### PROVIDED DATA

+ + + +

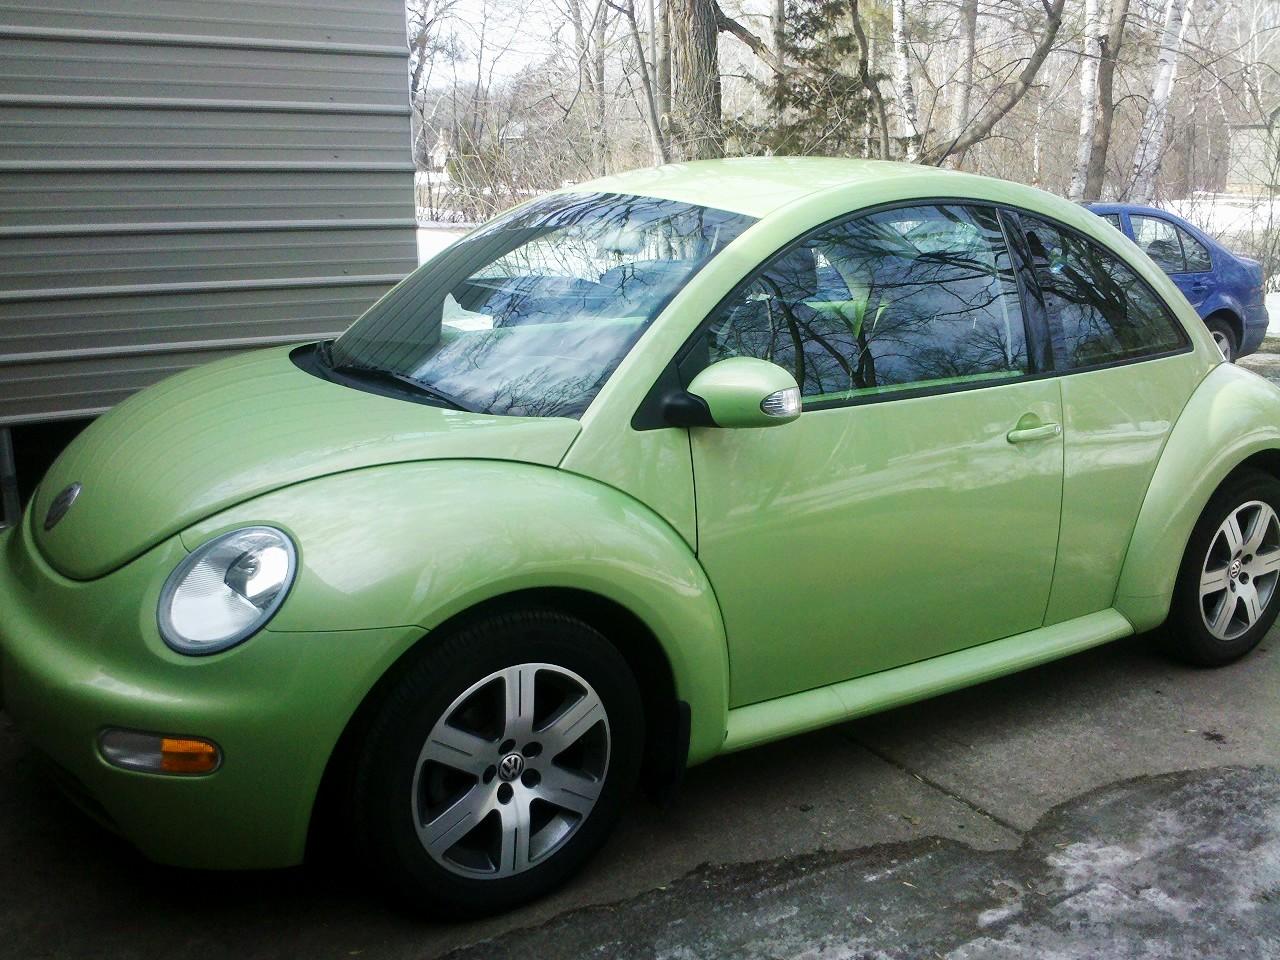 1000  images about Slugbug on Pinterest | Slug, Beetle and Gene ...
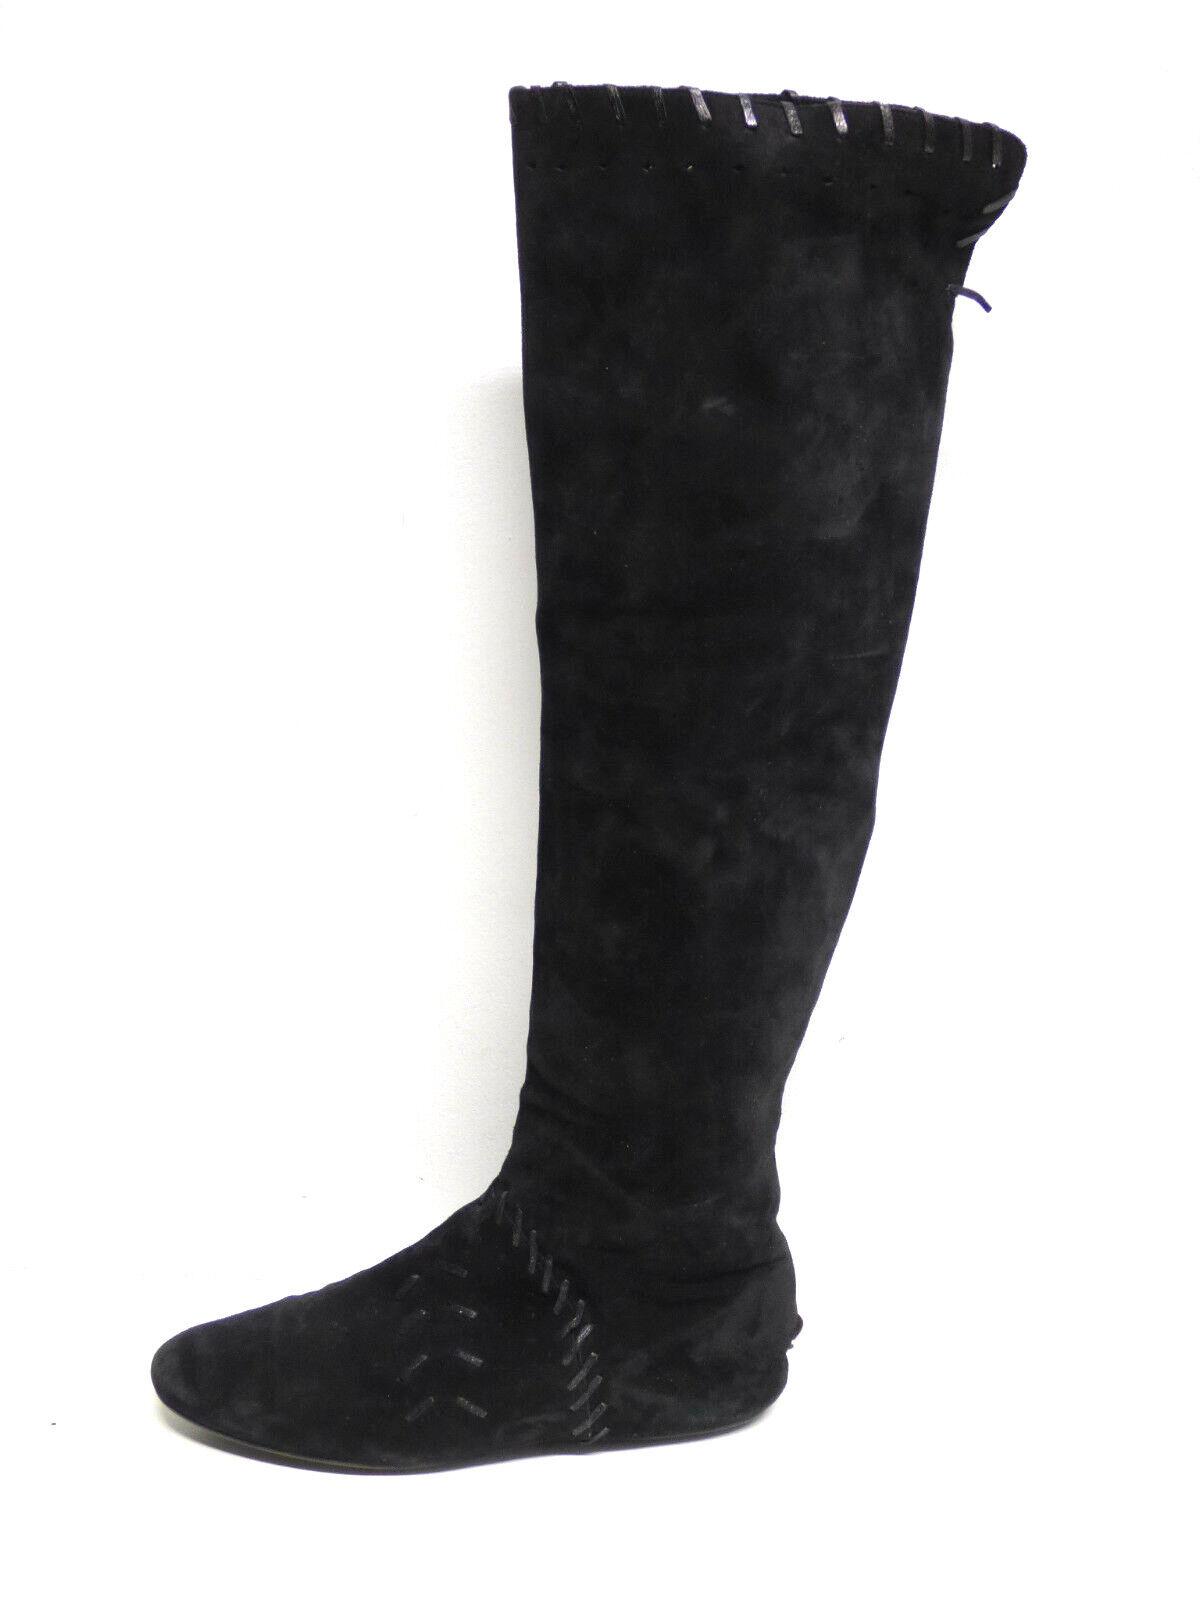 Jimmy Choo Femmes Bottes en cuir T 38,5 NOIR & 100% véritable cuir (P 6288)
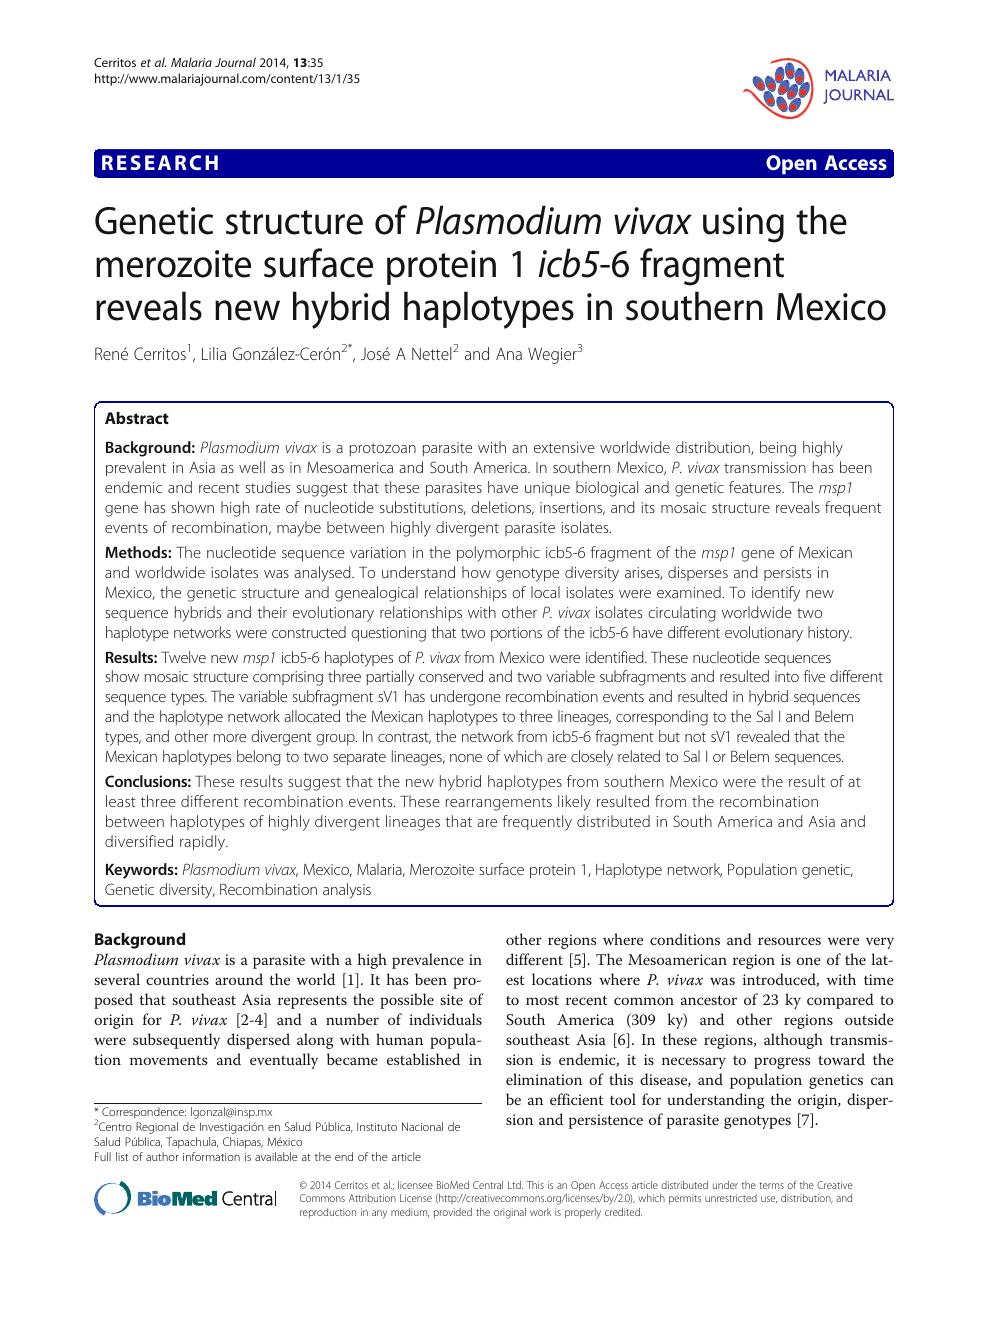 Genetic structure of Plasmodium vivax using the merozoite
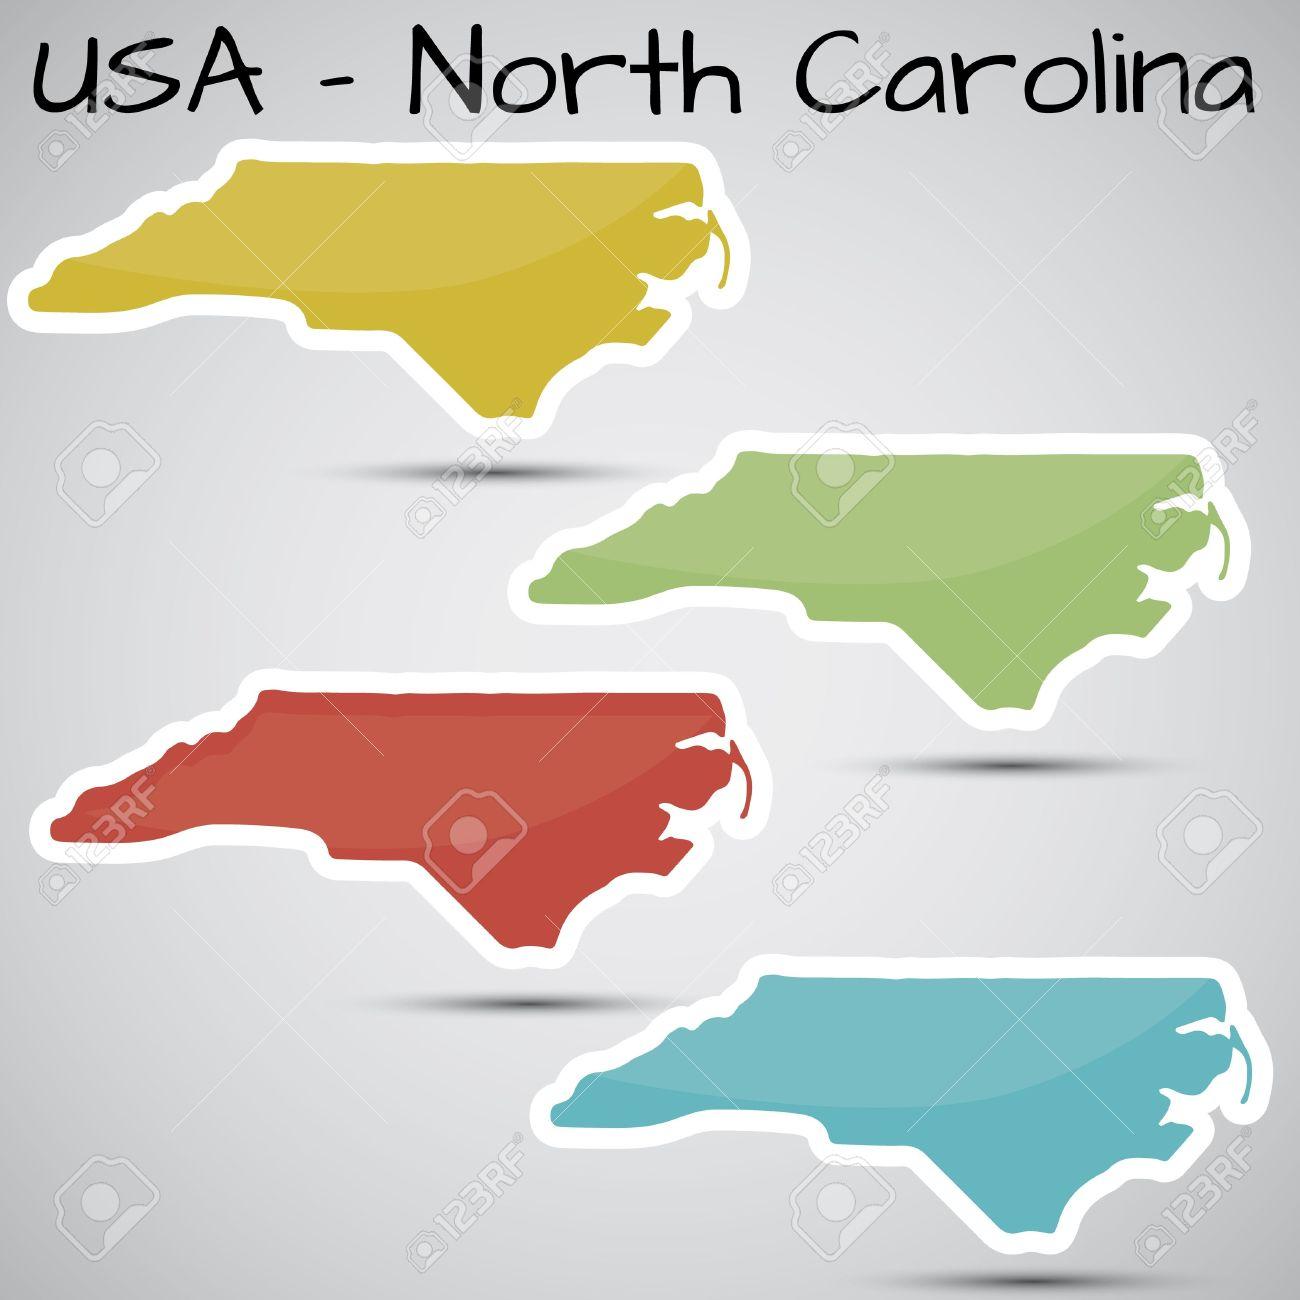 North carolina map clipart cartoon jpg royalty free 1,732 North Carolina Stock Illustrations, Cliparts And Royalty ... jpg royalty free

+ + + +

### ACTIVITY
With the pictures removed, set down the entire listing exactly.

### YOUR SOLUTION
 1000  images about Slugbug on Pinterest | Slug, Beetle and Gene ...
 Jimmy Choo Femmes Bottes en cuir T 38,5 NOIR & 100% véritable cuir (P 6288)
 Genetic structure of Plasmodium vivax using the merozoite
 North carolina map clipart cartoon jpg royalty free 1,732 North Carolina Stock Illustrations, Cliparts And Royalty ... jpg royalty free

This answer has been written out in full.